# What is needed
Below are entries. Reproduce exactly the lines between the line holding "To move a seat" and the line holding "the desired pos", inclusive, and only those.

# Material to process
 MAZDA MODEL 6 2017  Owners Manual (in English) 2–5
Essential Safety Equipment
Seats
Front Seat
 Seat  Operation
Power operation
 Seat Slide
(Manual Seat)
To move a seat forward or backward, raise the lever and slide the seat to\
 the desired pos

---

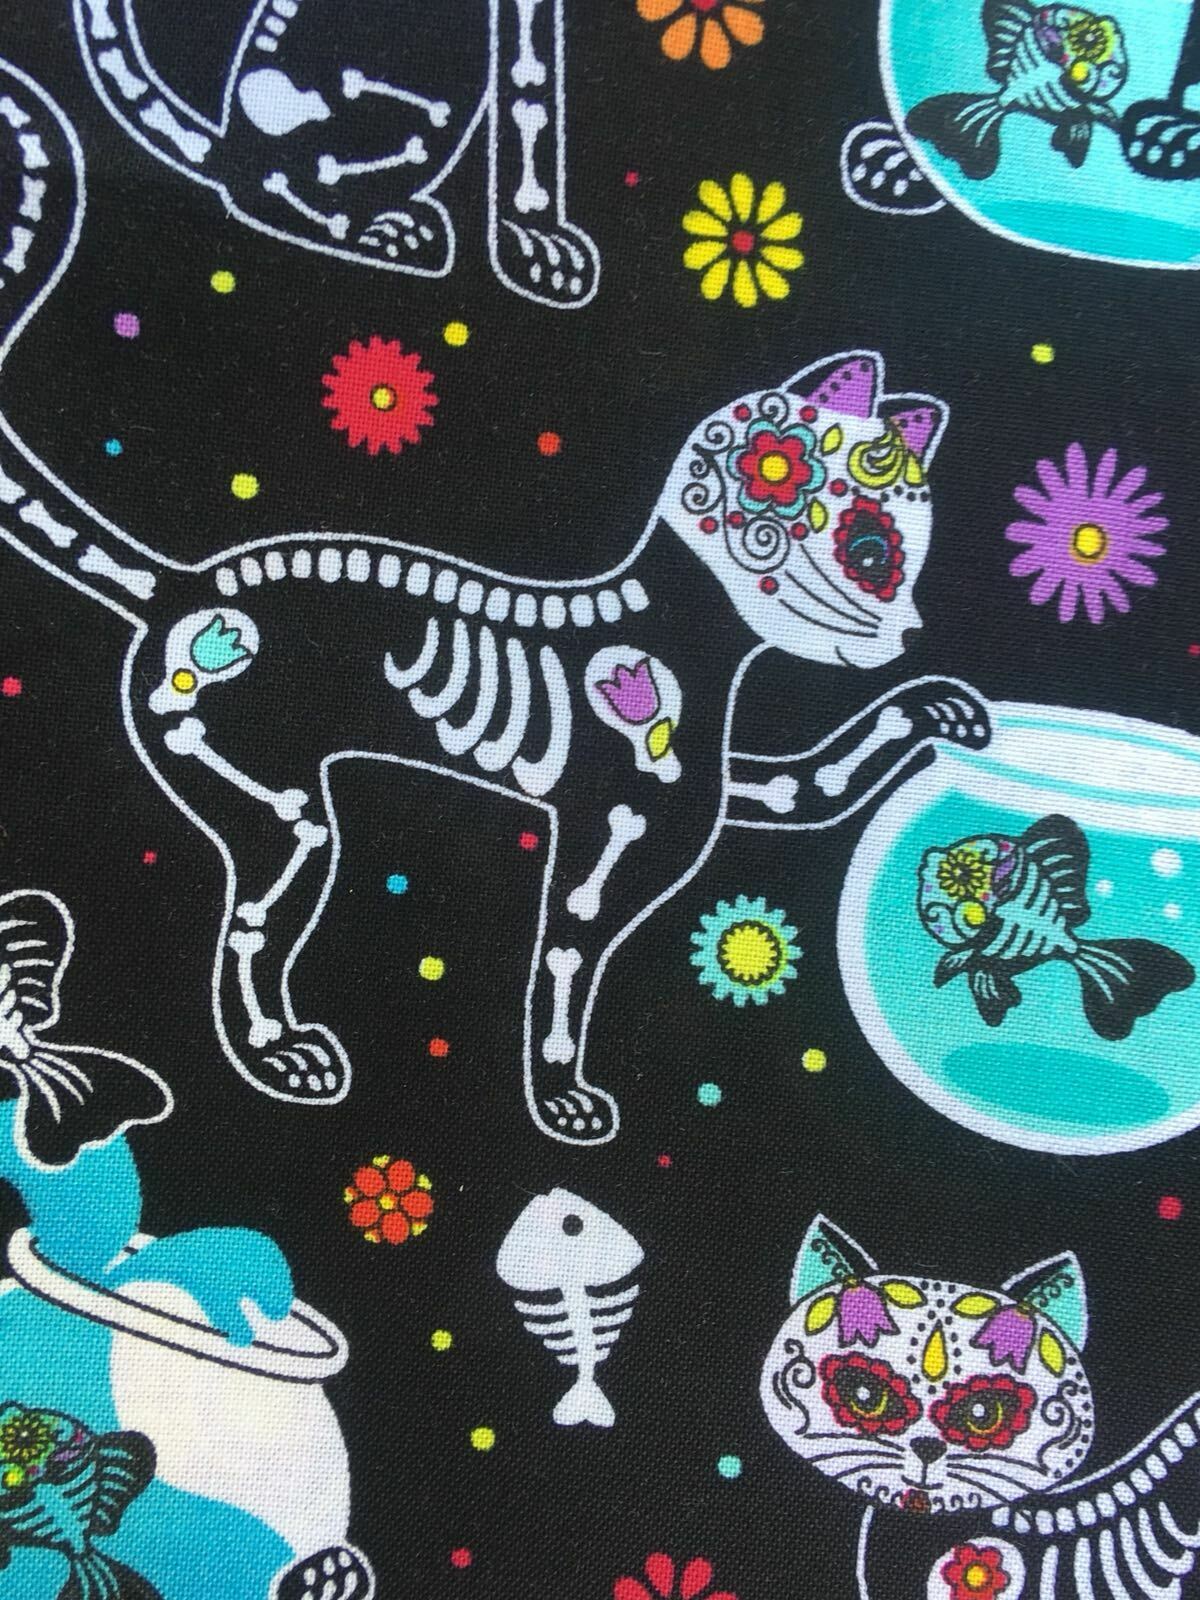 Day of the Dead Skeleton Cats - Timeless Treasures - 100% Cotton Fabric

# Response to the exercise
To move a seat forward or backward, raise the lever and slide the seat to\
 the desired pos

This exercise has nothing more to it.